**What needs to be done**: Among the lines below, the one containing "08779-442-8889 Bukser med" opens the range and the one containing "Rímska roleta Capri" closes it. Print that range exactly, without the pictures.

**Provided data**:
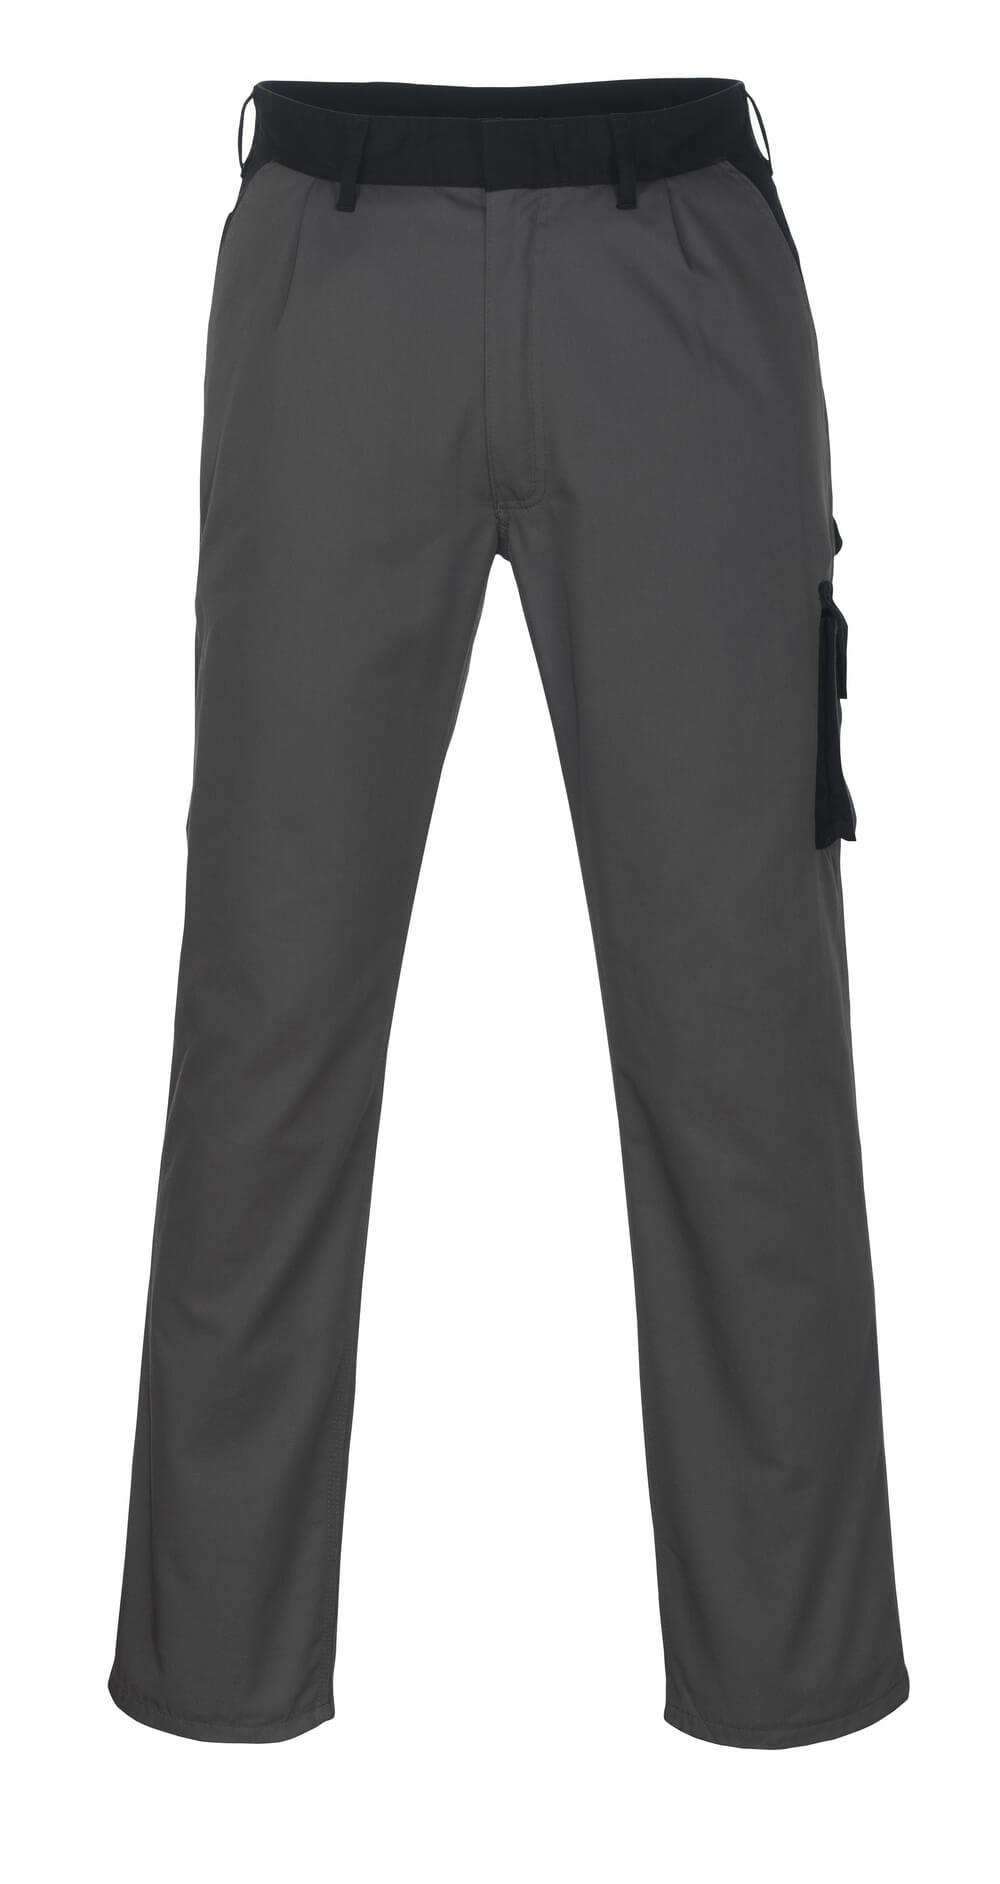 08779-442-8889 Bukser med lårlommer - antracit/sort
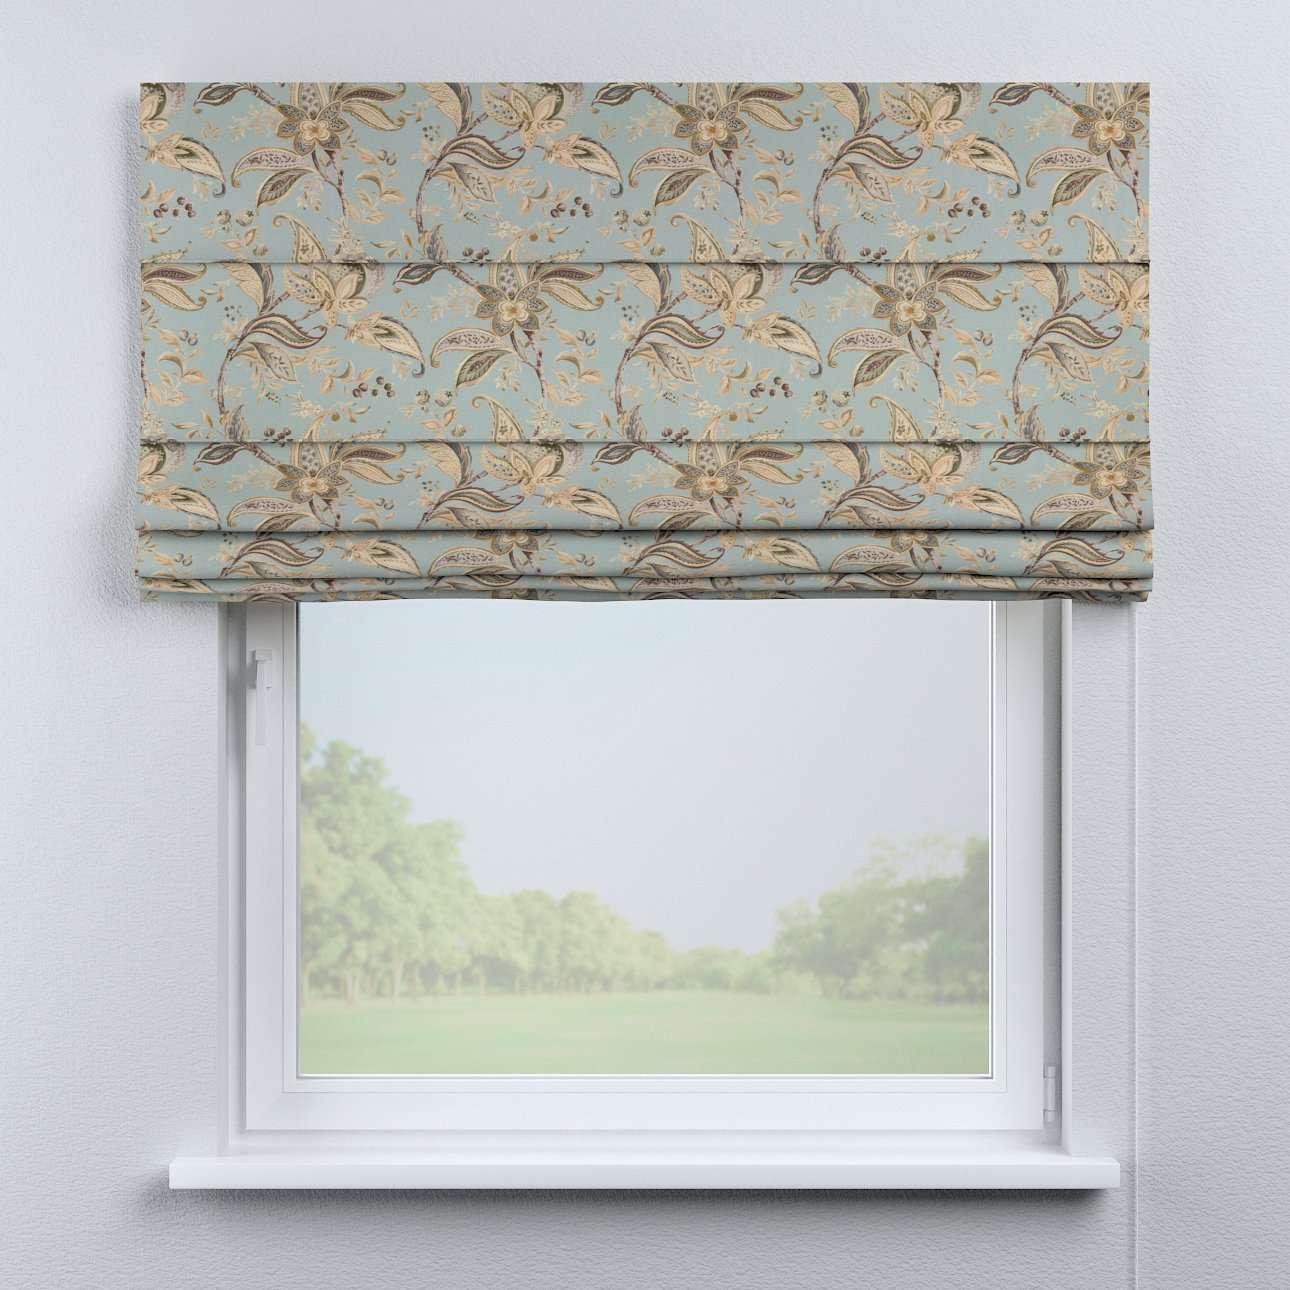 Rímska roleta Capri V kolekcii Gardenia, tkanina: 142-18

==

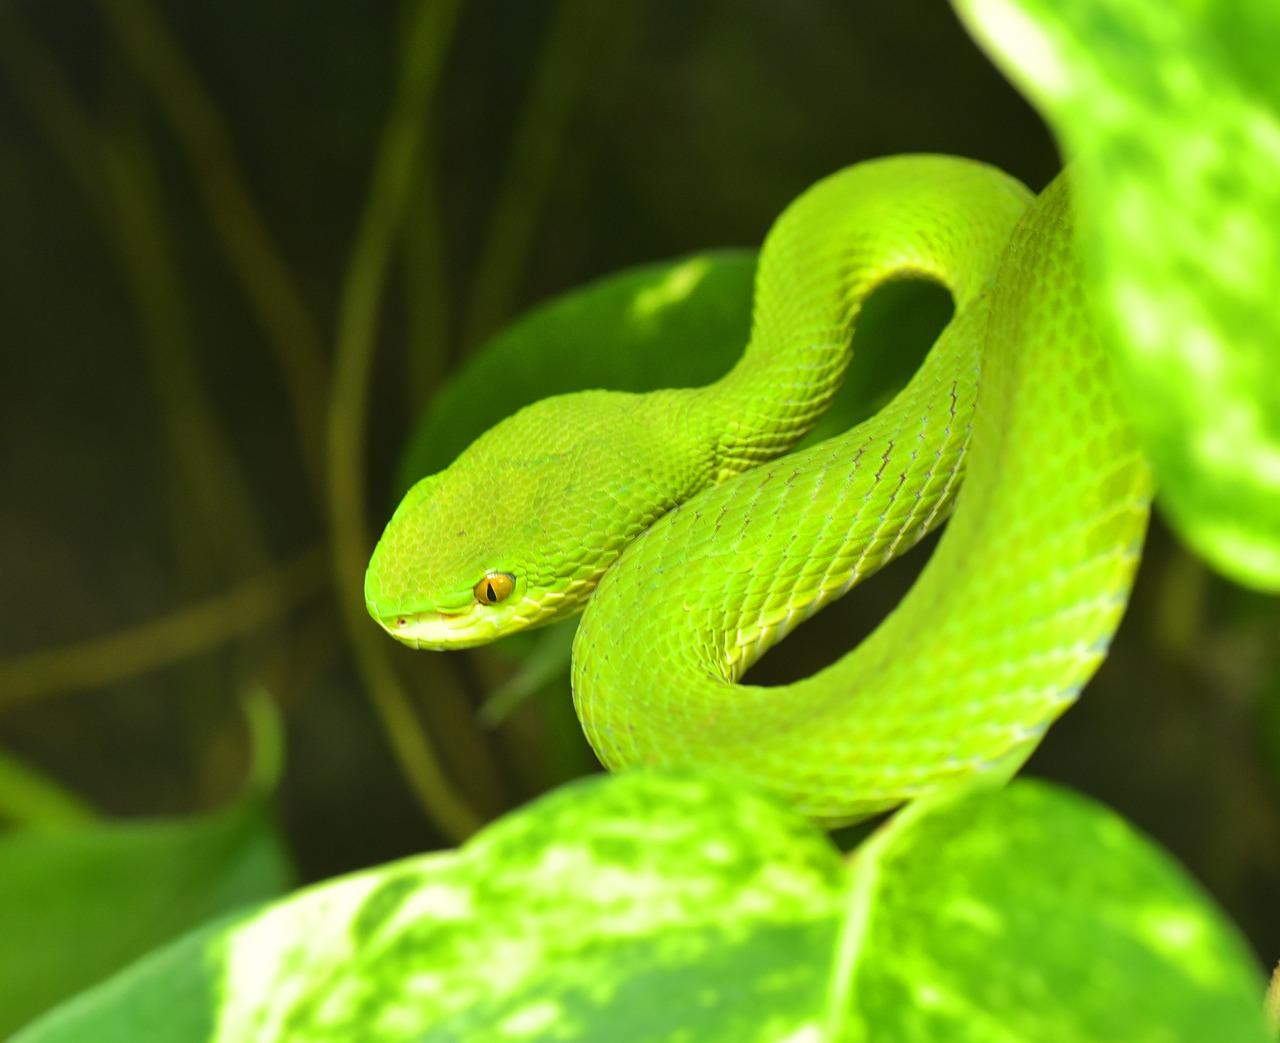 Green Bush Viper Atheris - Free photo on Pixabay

* * *

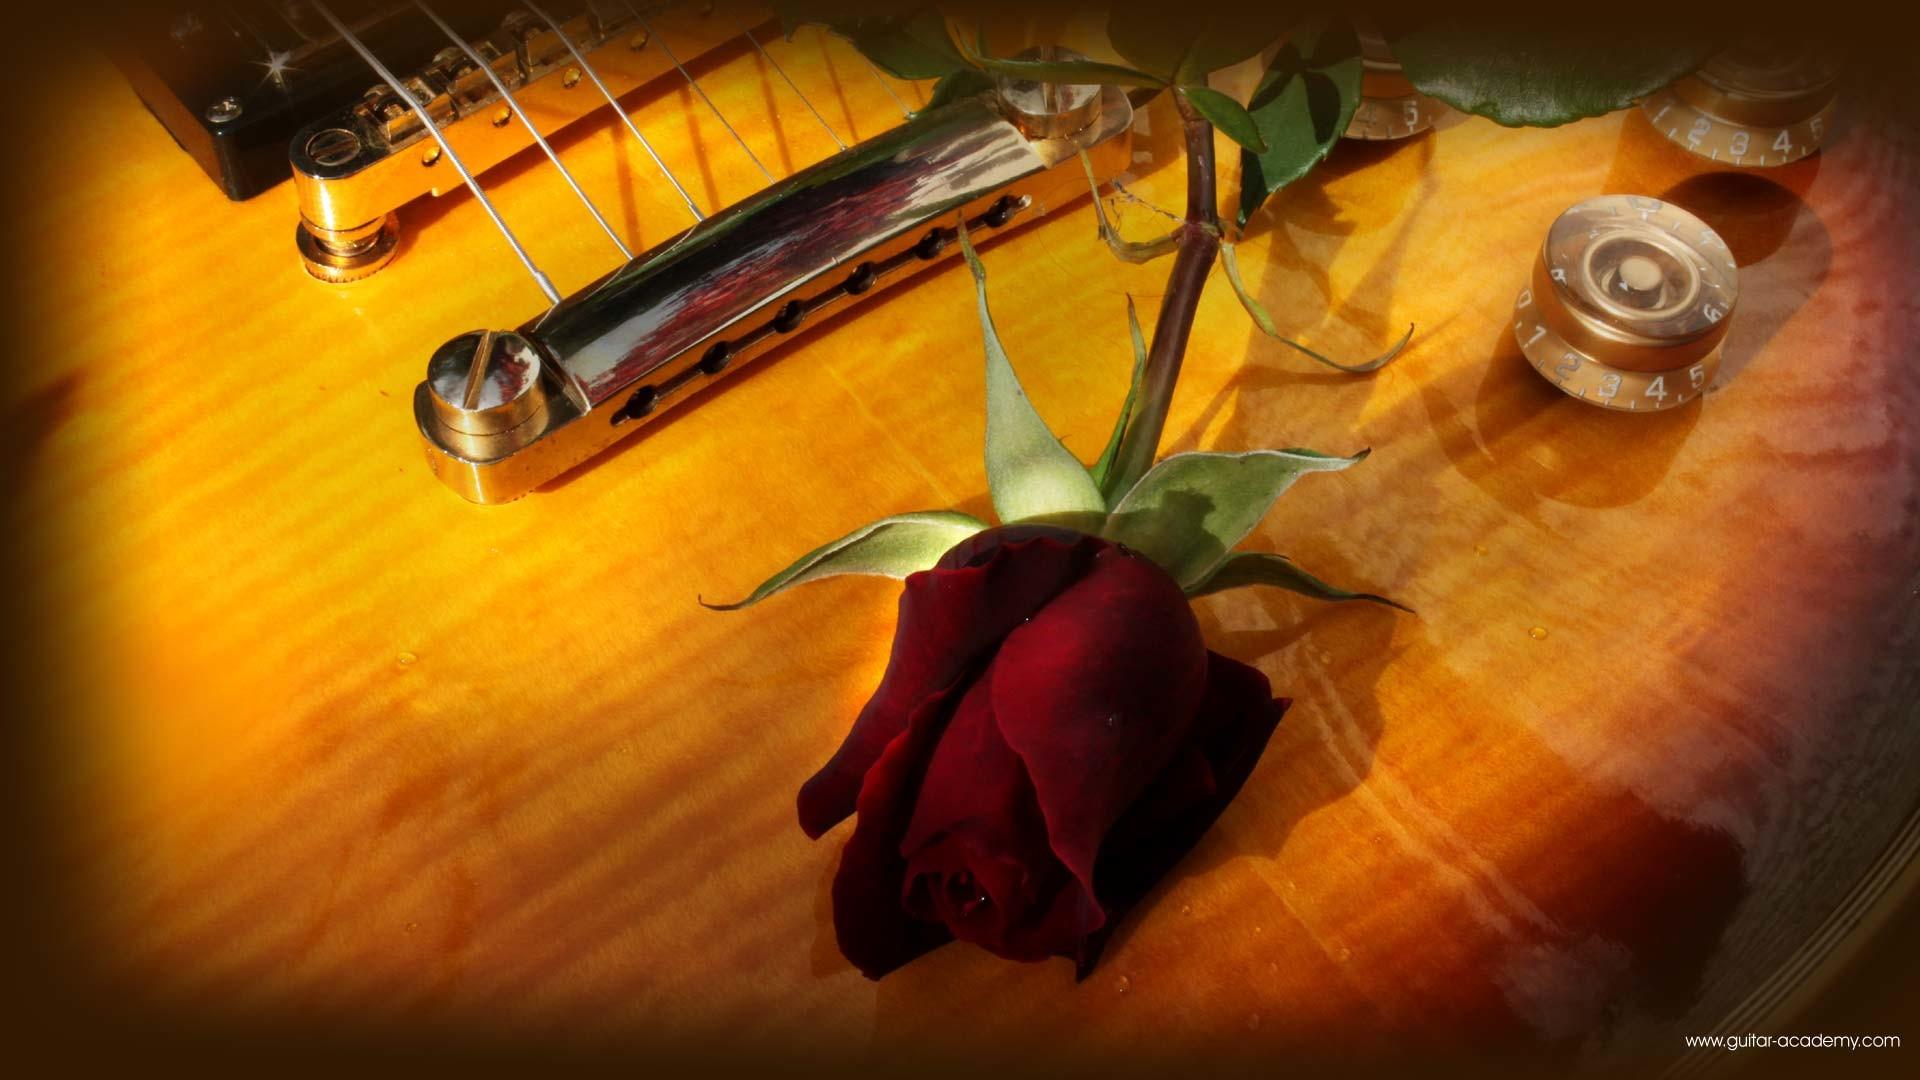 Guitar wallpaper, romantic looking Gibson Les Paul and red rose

**Answer box**:
 08779-442-8889 Bukser med lårlommer - antracit/sort
 Rímska roleta Capri V kolekcii Gardenia, tkanina: 142-18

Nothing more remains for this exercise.